[Excerpts from a dataset]
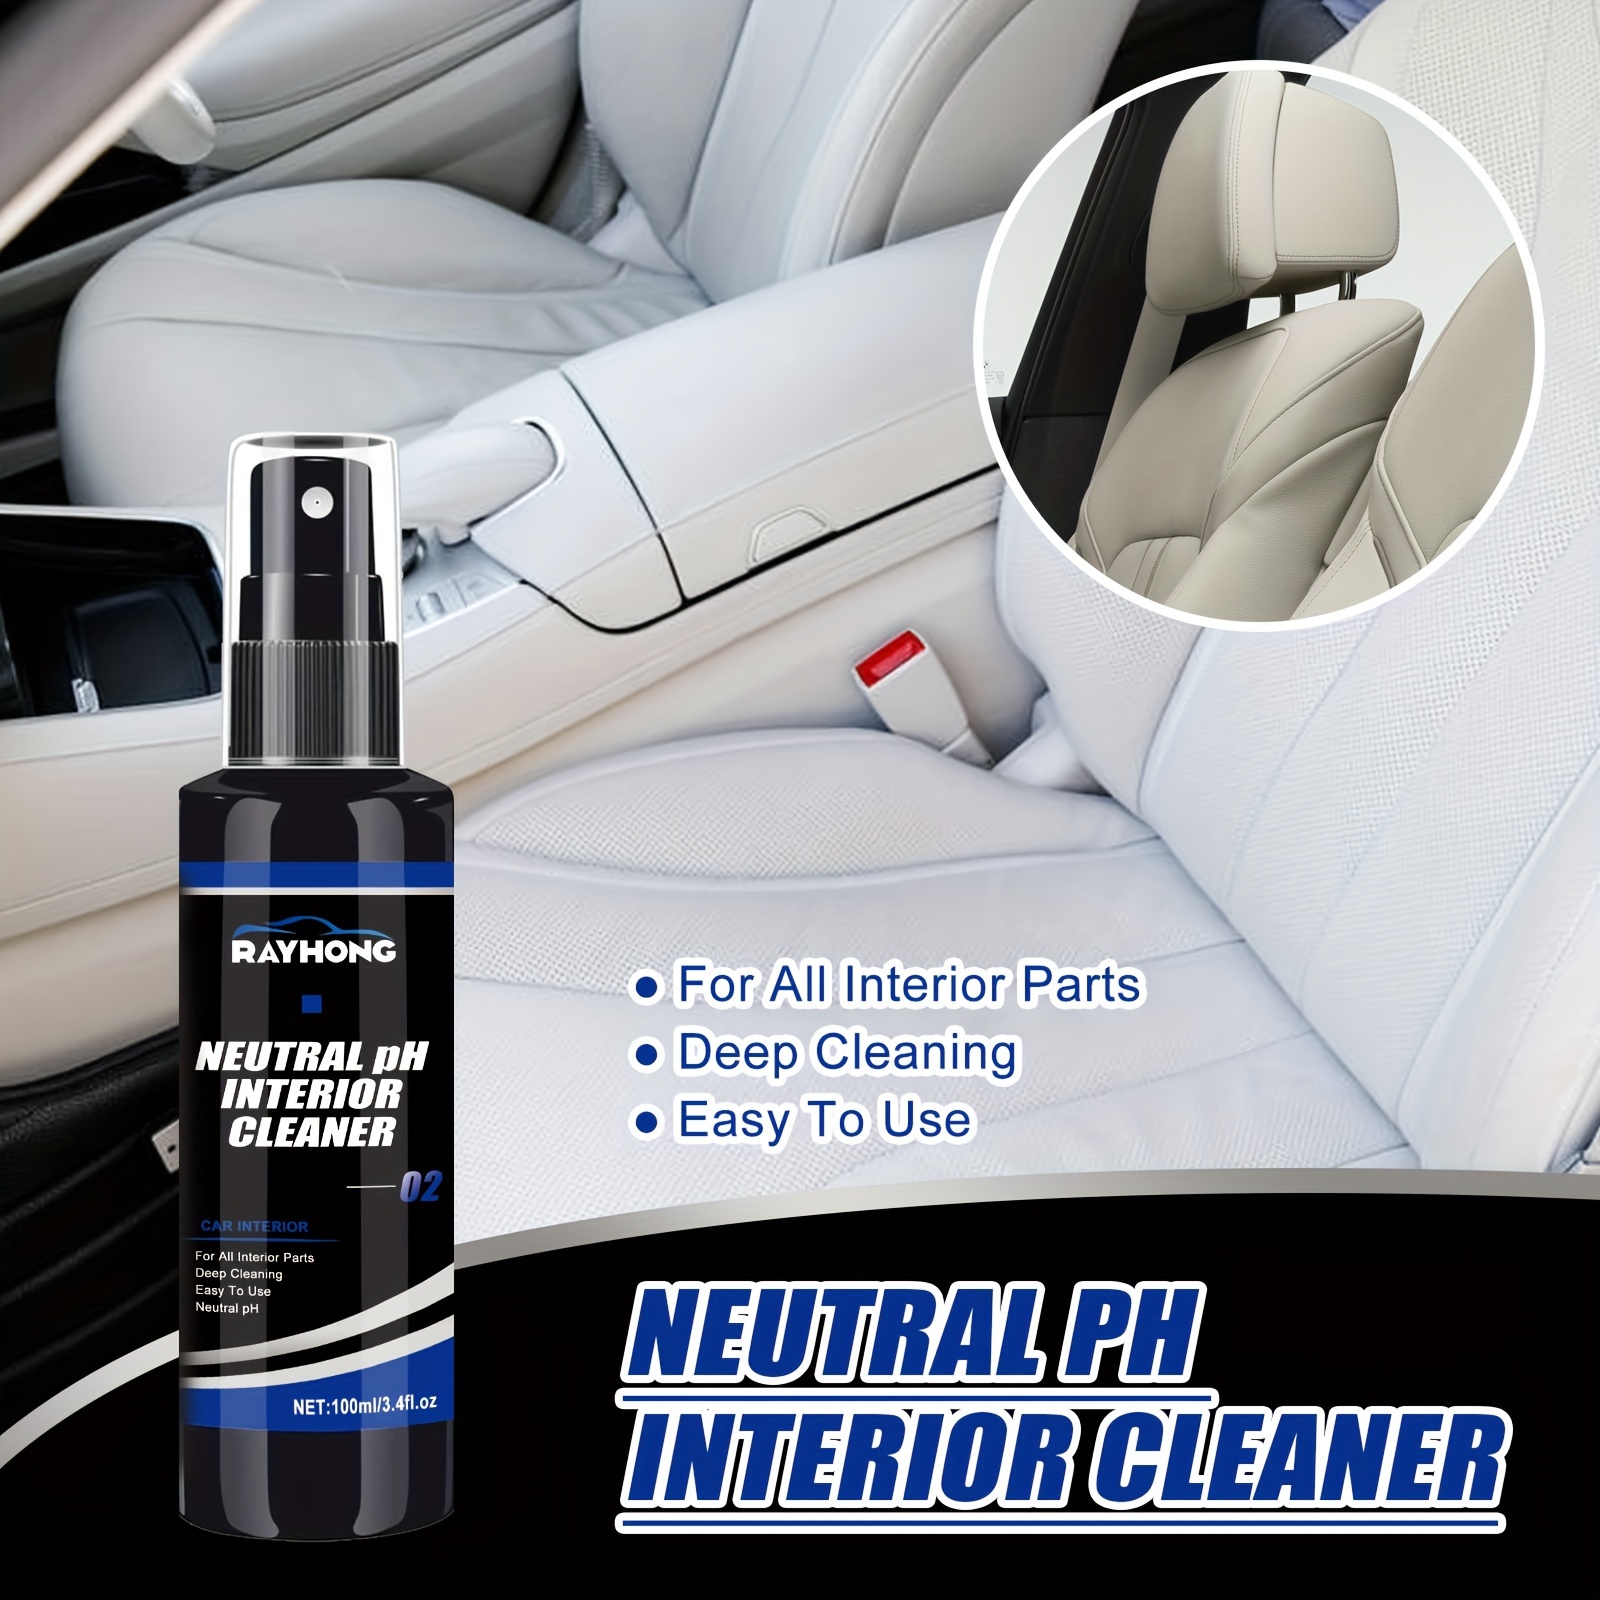  MiracleSpray for Auto - All Purpose Super Cleaner for Car  Interior and Exterior Detailing - Easy to Use on Upholstery Fabric -  Leather, Plastic, Rubber, Vinyl - (16 oz) : Automotive
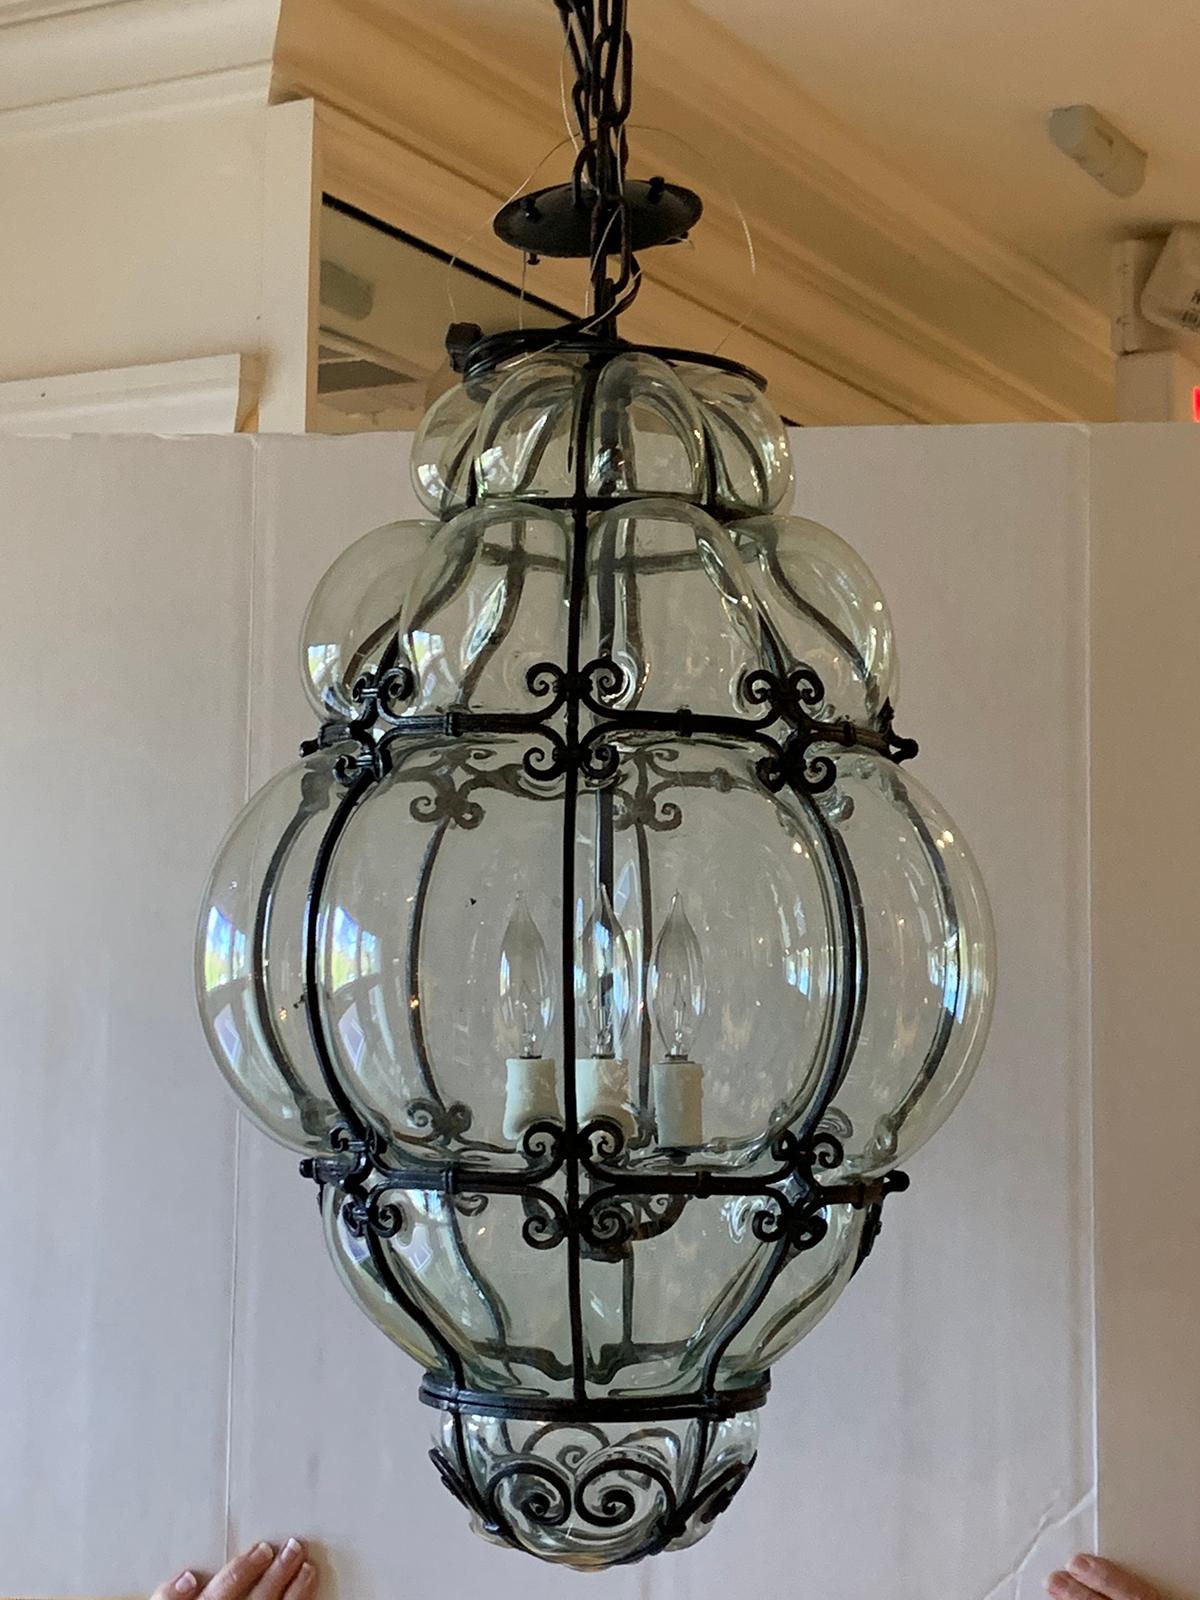 Pair of 20th century large Italian Murano bubble glass iron-bound lanterns
Three light cluster
Glass tinted a faint blue/green not turquoise. The turquoise you see is a reflection of our front door.
Brand new wiring.

ASSIGNED TASK | Nothing but an exact copy of the data, without its images, should make up your answer.

TASK RESULT |
  MiracleSpray for Auto - All Purpose Super Cleaner for Car  Interior and Exterior Detailing - Easy to Use on Upholstery Fabric -  Leather, Plastic, Rubber, Vinyl - (16 oz) : Automotive
 Pair of 20th century large Italian Murano bubble glass iron-bound lanterns
Three light cluster
Glass tinted a faint blue/green not turquoise. The turquoise you see is a reflection of our front door.
Brand new wiring.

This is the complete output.